* What to work on:
Write out, word for word and with no pictures, each line below from the one containing "乙烯基唱片包装盒及封面设计图第一素材精选模板 Vinyl Record" through the one containing "ピカチュウ反射リストバンド を作成 高齢歩行者を夕暮れ", both included, and no other line.

* Records for the exercise:
== == ==
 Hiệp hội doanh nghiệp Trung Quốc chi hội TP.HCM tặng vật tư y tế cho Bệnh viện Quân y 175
== == ==
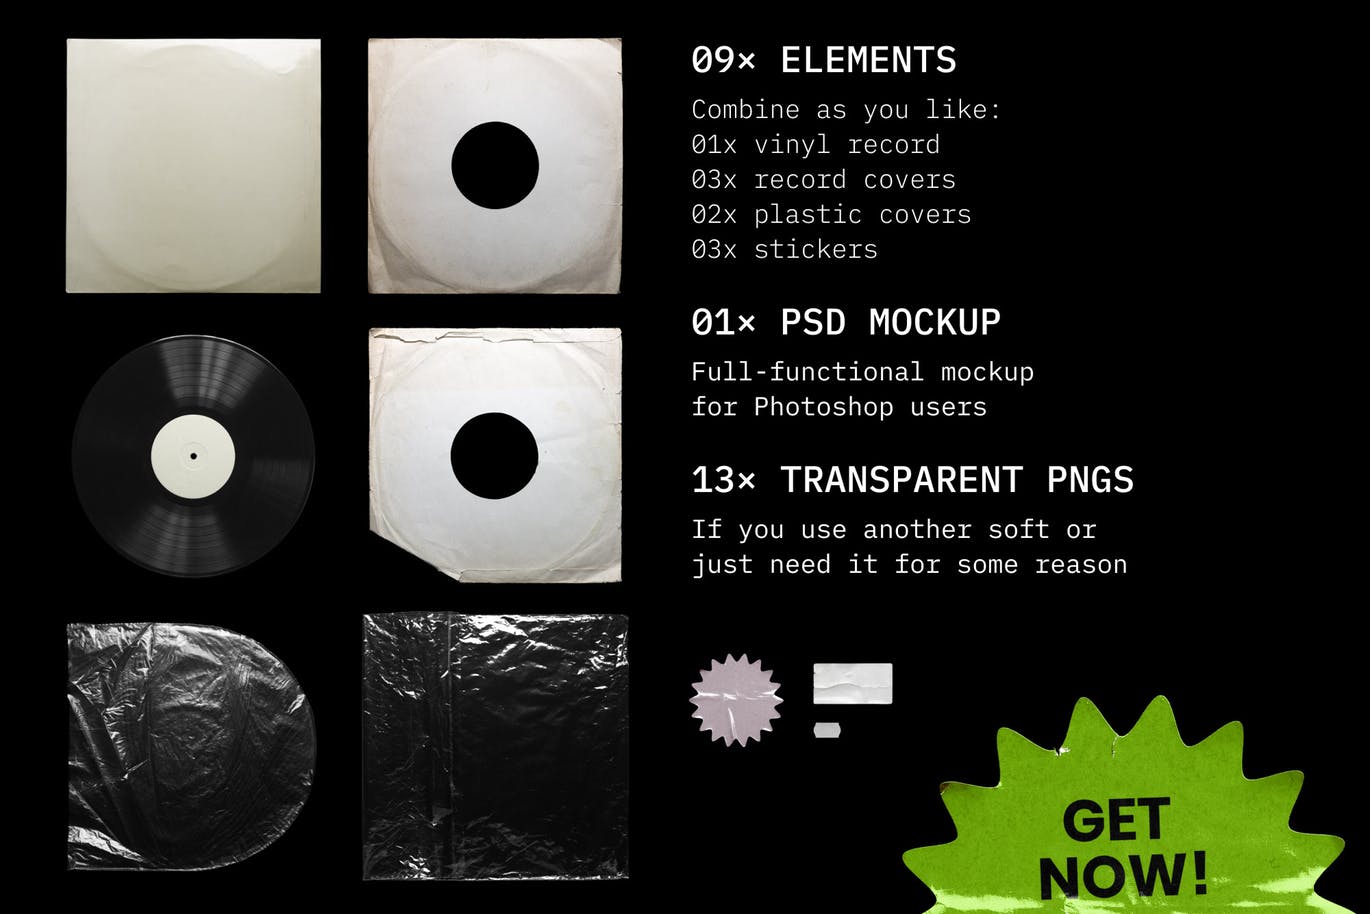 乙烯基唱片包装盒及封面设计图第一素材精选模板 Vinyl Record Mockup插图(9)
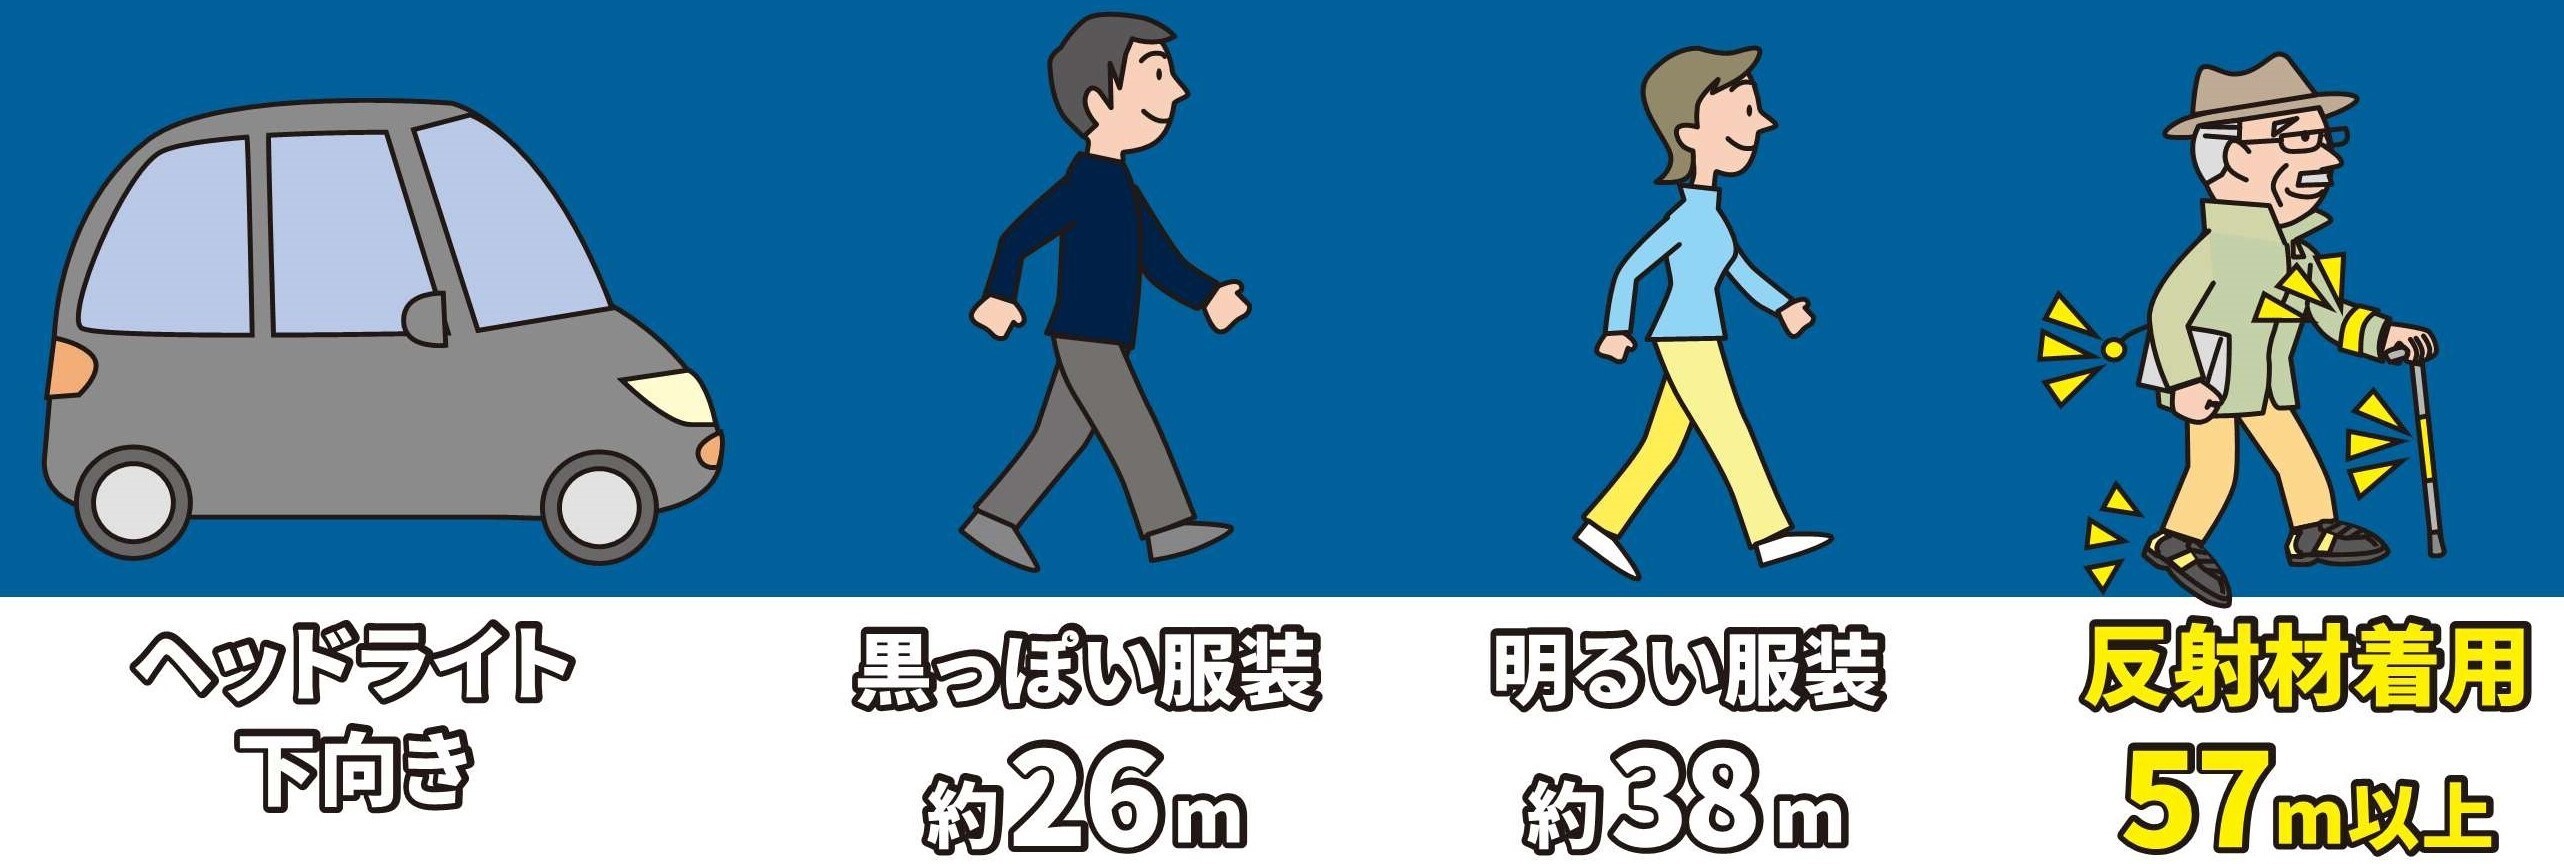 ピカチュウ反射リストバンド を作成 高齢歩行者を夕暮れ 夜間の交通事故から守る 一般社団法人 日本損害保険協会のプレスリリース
== == ==
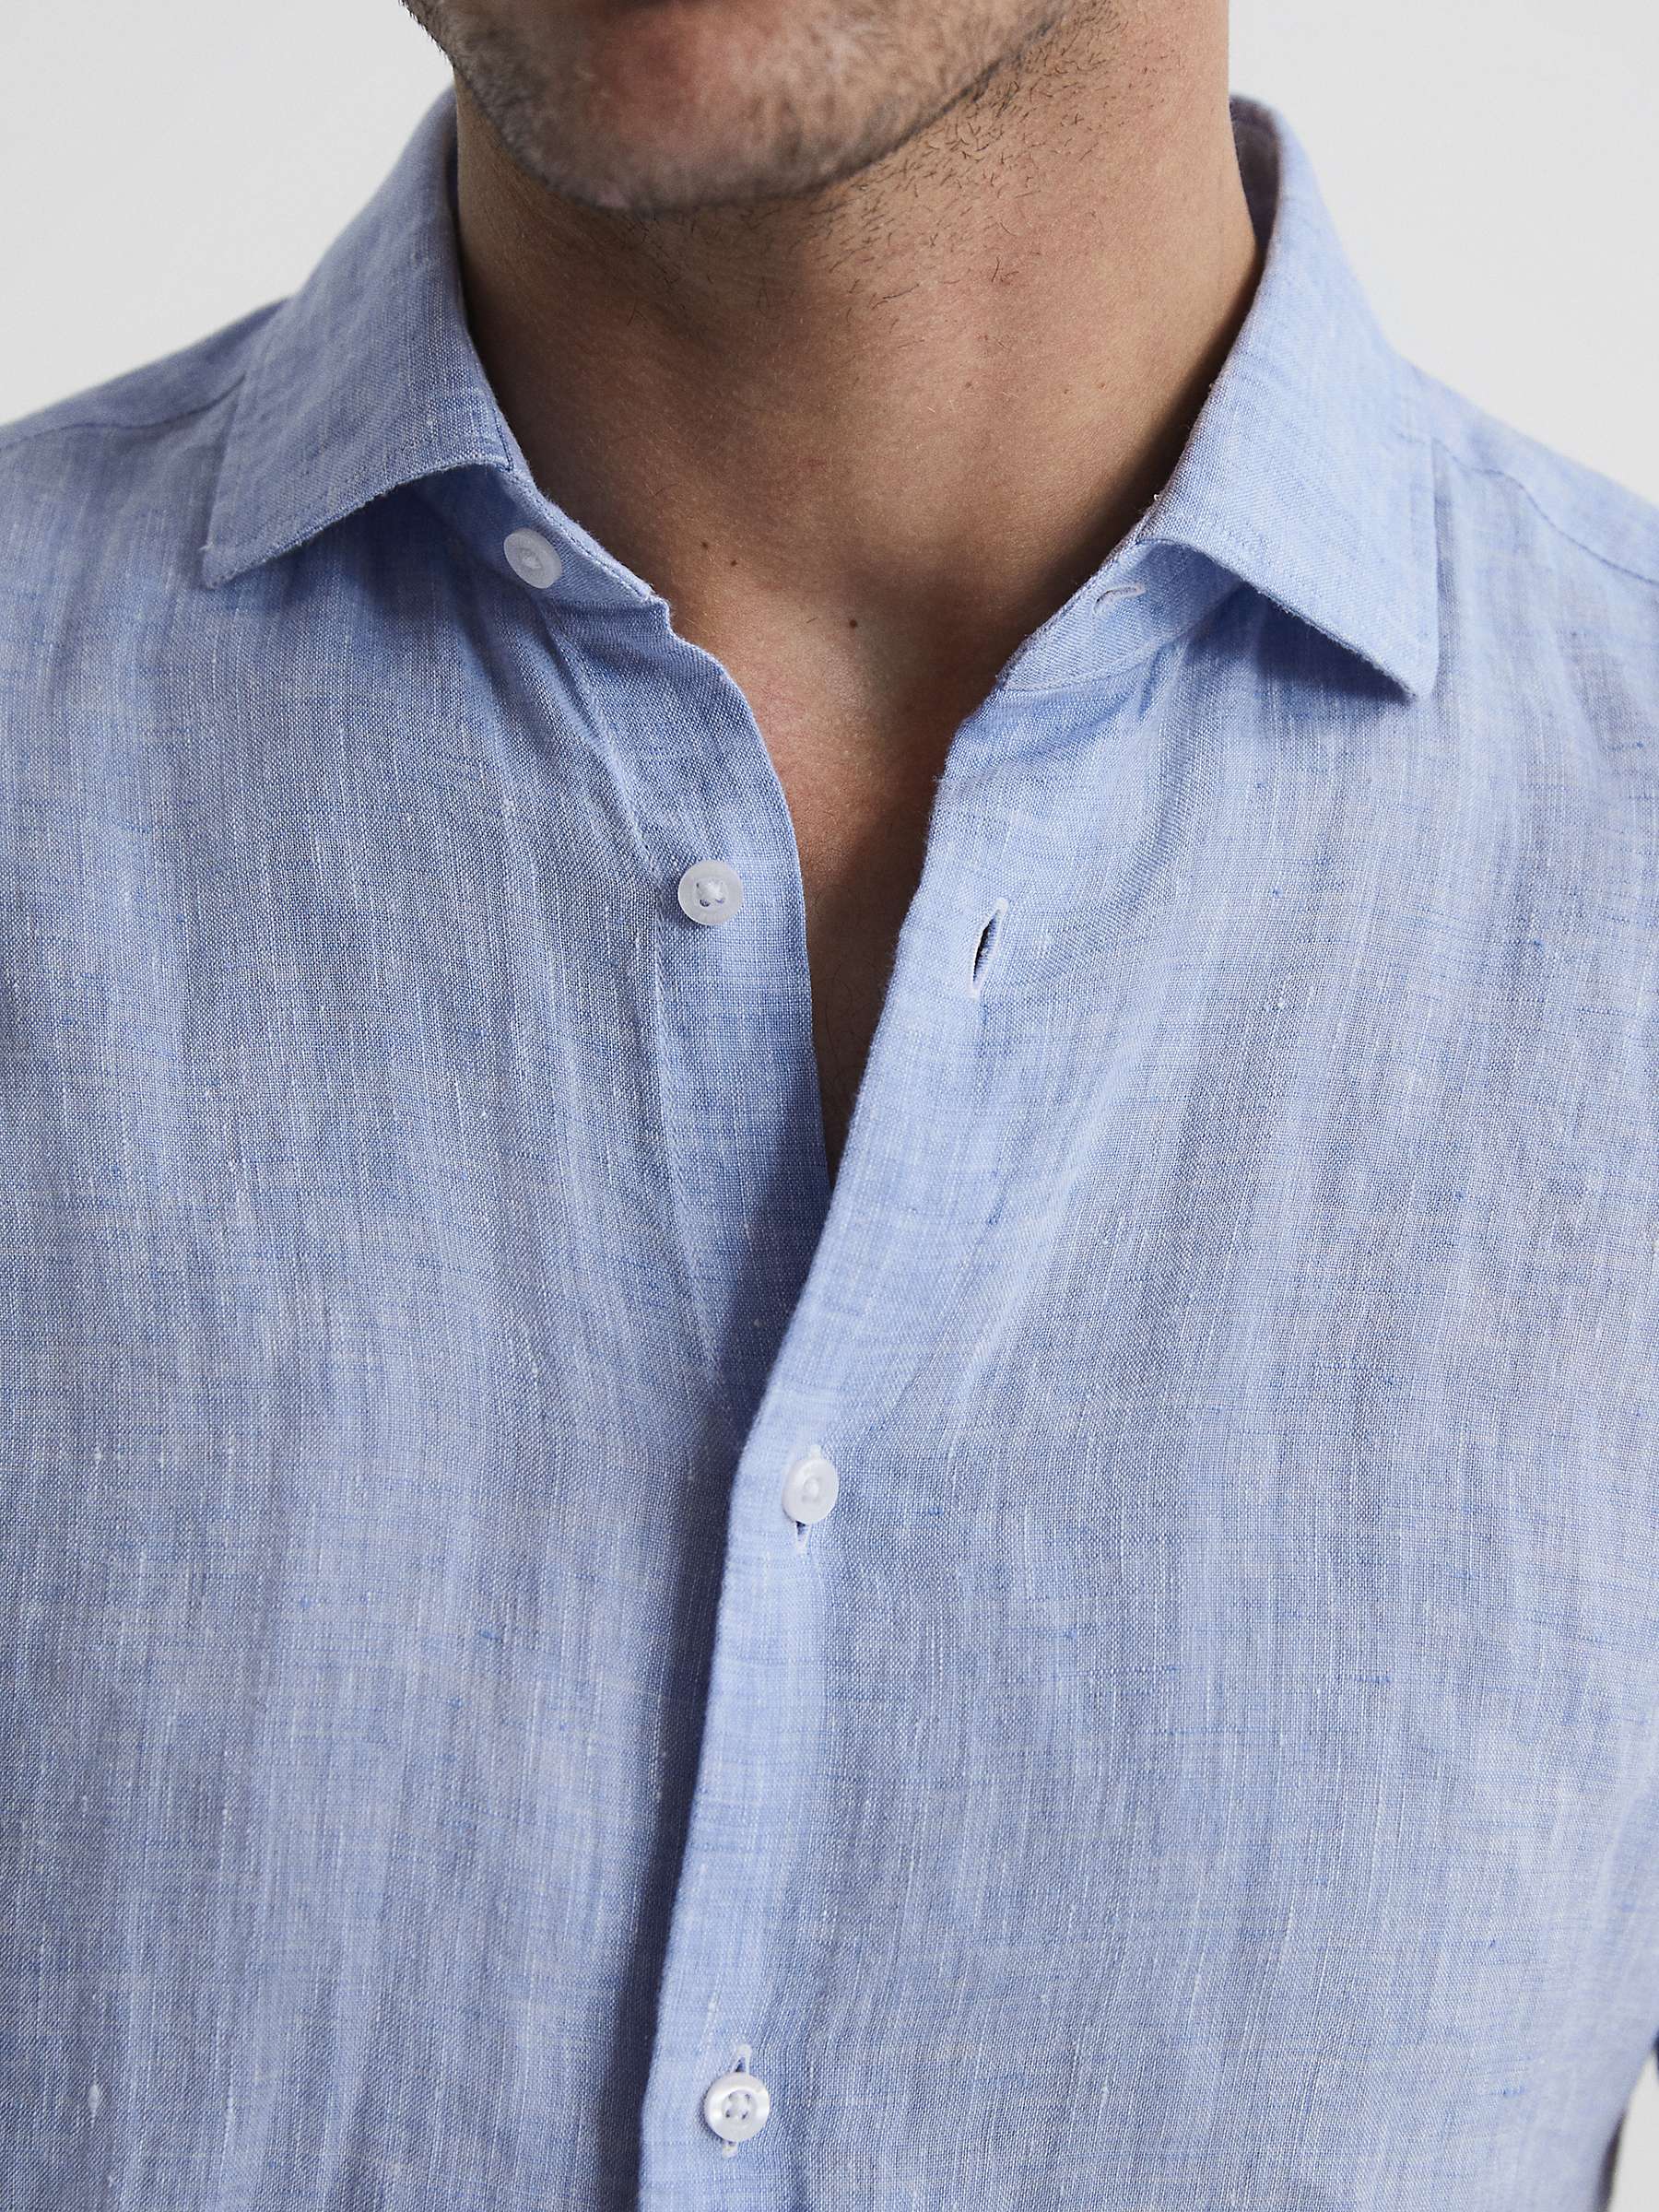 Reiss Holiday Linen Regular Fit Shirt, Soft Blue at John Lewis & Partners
== == ==
* Solution for this problem:
 乙烯基唱片包装盒及封面设计图第一素材精选模板 Vinyl Record Mockup插图(9)
 ピカチュウ反射リストバンド を作成 高齢歩行者を夕暮れ 夜間の交通事故から守る 一般社団法人 日本損害保険協会のプレスリリース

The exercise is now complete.